Im Laufe der Lektüre bewundert man die Engelsgeduld, die Philippe Sands gegenüber dem mehr als gutgläubigen Horst Wächter aufbringt. Doch immerhin ist er der einzige aus Wächters Nachkommenschaft, der überhaupt bereit ist, sich mit der Vergangenheit des SS-Manns auseinanderzusetzen und sogar einige von seiner Mutter in ihrer Funktion als Ehefrau des Statthalters von Galizien geraubte Kunstwerke zurückgeben möchte. Nach und nach wird das Porträt des Gesuchten deutlicher, seine Verstrickung in die Ermordung unzähliger Juden beweisbarer. Doch Horst findet neue Argumente, um dies zu leugnen.
Beeindruckend sind die Zugänge und Reisemöglichkeiten, welche Sands zur Verfügung stehen, z.B. diskutiert er mit Professoren für Forensik die Möglichkeiten einer Exhumierung des Täters nach fast 30 Jahren, um die vom Sohn verbreitete These zu widerlegen, der Alt-Nazi wäre vergiftet worden, oder bespricht mit dem zum Autor gewordenen Spion John Le Carré Modalitäten seiner Tätigkeit als Spitzel.

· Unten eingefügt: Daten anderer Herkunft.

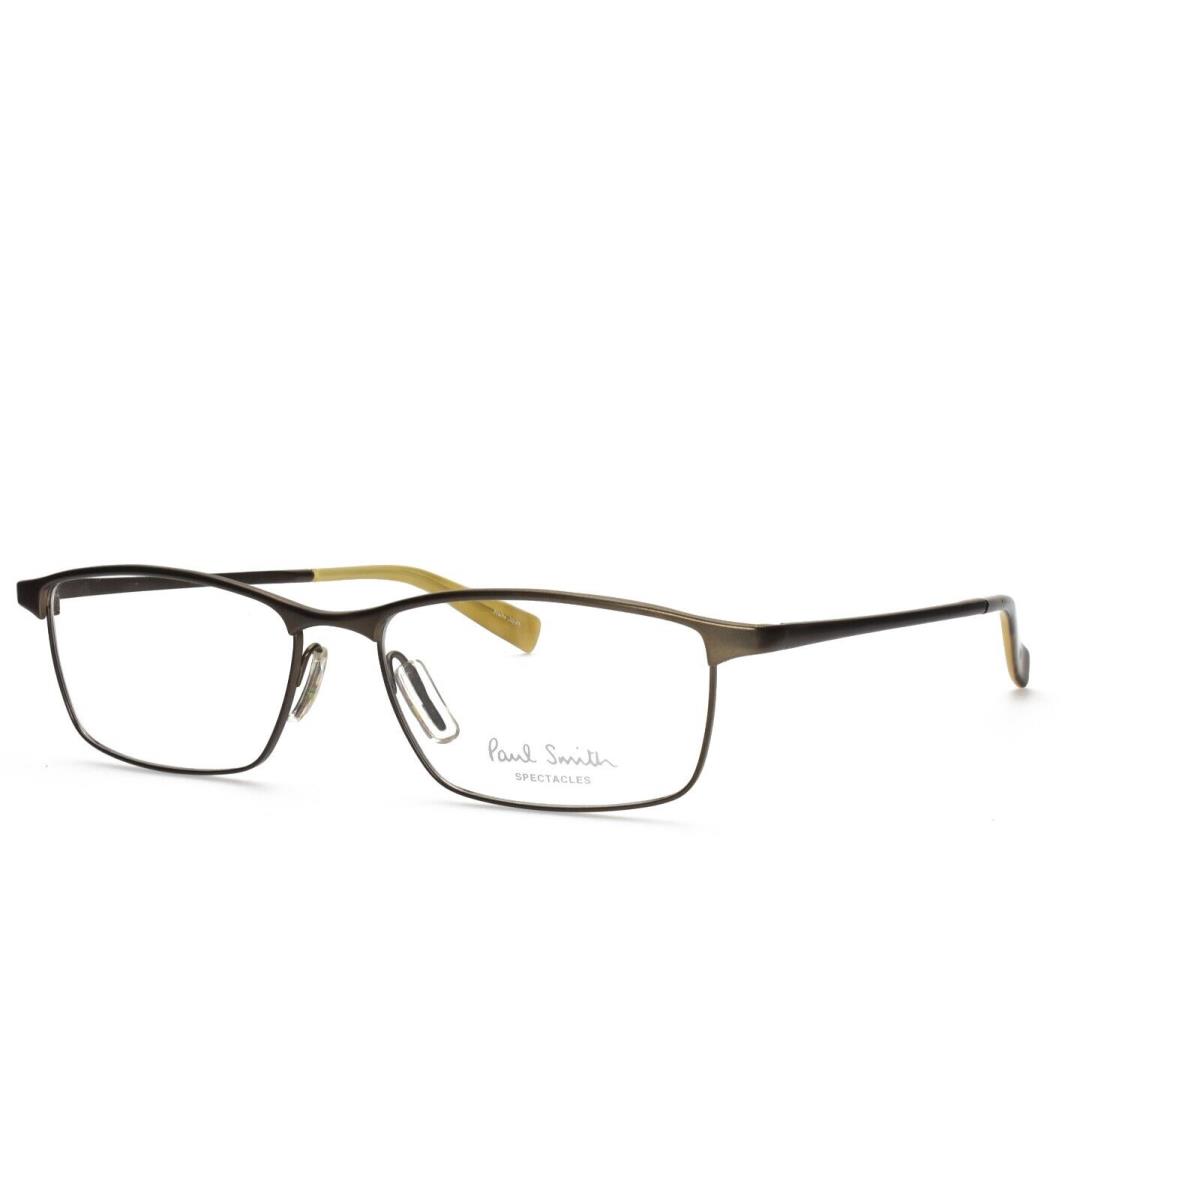 Paul Smith 174 W 52-15-140 Brown Vtg Vintage Eyeglasses Frames

Sands‘ akademisches Netzwerk ermöglicht ihm, Informationen auf wissenschaftlichem Niveau zu sammeln. Zuweilen wundert der Autor sich selbst, wohin es ihn auf der Suche nach Beweisen für Wächters Schuld verschlägt: Österreich, Südtirol, Rom, Schweiz, New Mexiko usf. Noch eindrucksvoller aber ist seine Fähigkeit diese Recherche spannend und nahezu literarisch aufzubereiten, wie bereits im ersten Sachbuch auf der Suche nach den eigenen jüdischen Vorfahren in Lemberg bewiesen.

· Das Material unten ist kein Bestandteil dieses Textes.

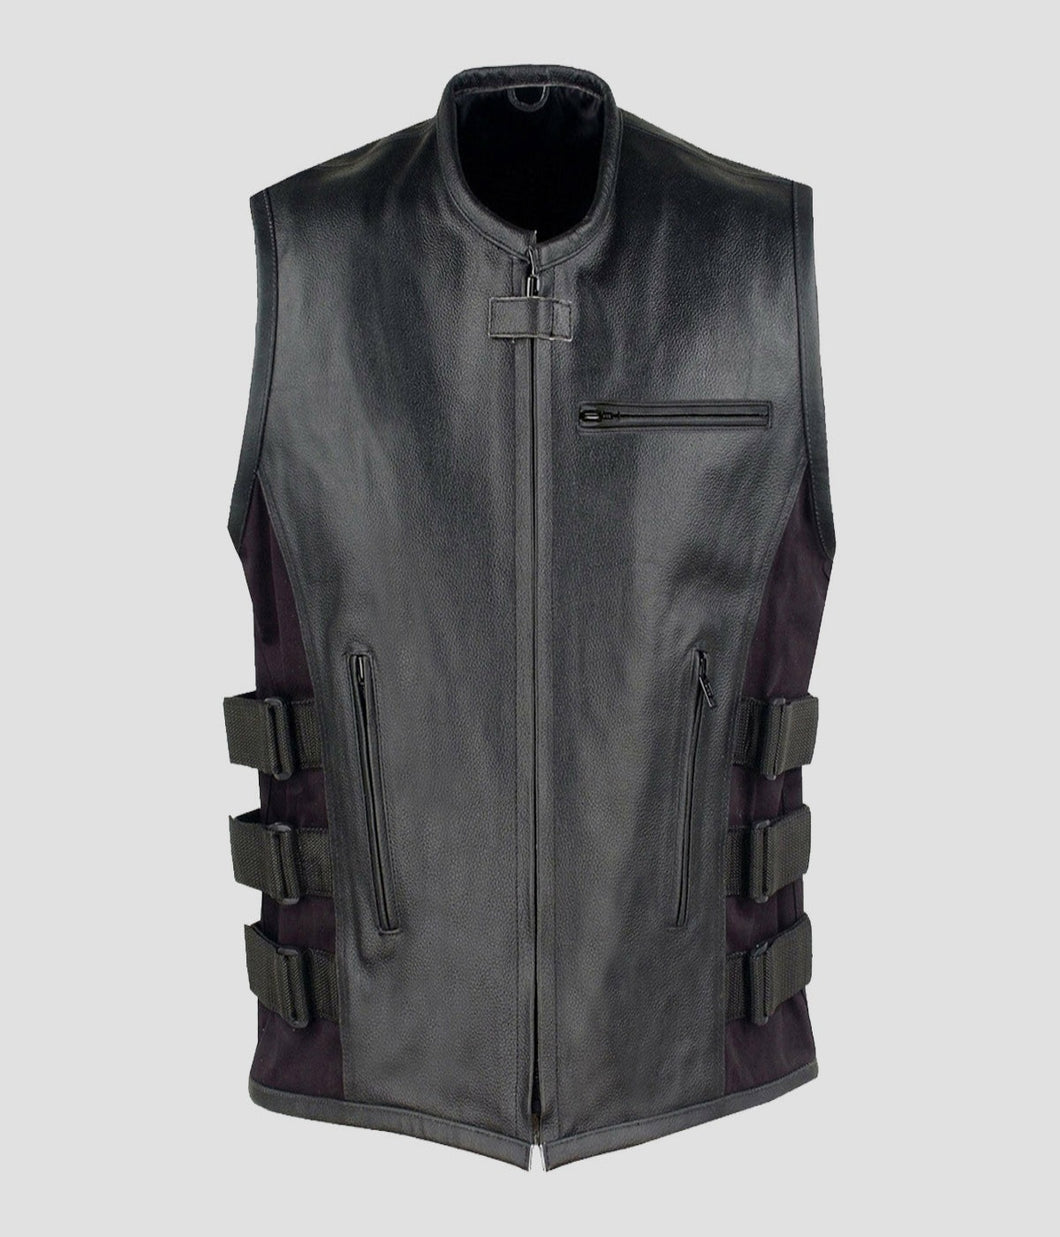 Mens Black Armor Motorcycle Adjustable Leather Vest

Seine Auseinandersetzung mit Horst steht beispielhaft für eine Konfrontation der Nachkommen von Opfern mit der von Tätern. Dass Horst als einziges der Kinder des Nazi-Verbrechers überhaupt bereit ist eine Diskussion zu führen, während die anderen jeglichen Kontakt verweigern, zeigt, wie wichtig Forschungen dieser Art heute noch sind. Zudem gelingt es Sands, die Geschichte mit düsterem Thema zu einem hoffnungsvollen Ende zu bringen. Alles in allem liest sich dieses erzählende Sachbuch weitaus spannender als viele Romane mit ähnlichen Anliegen.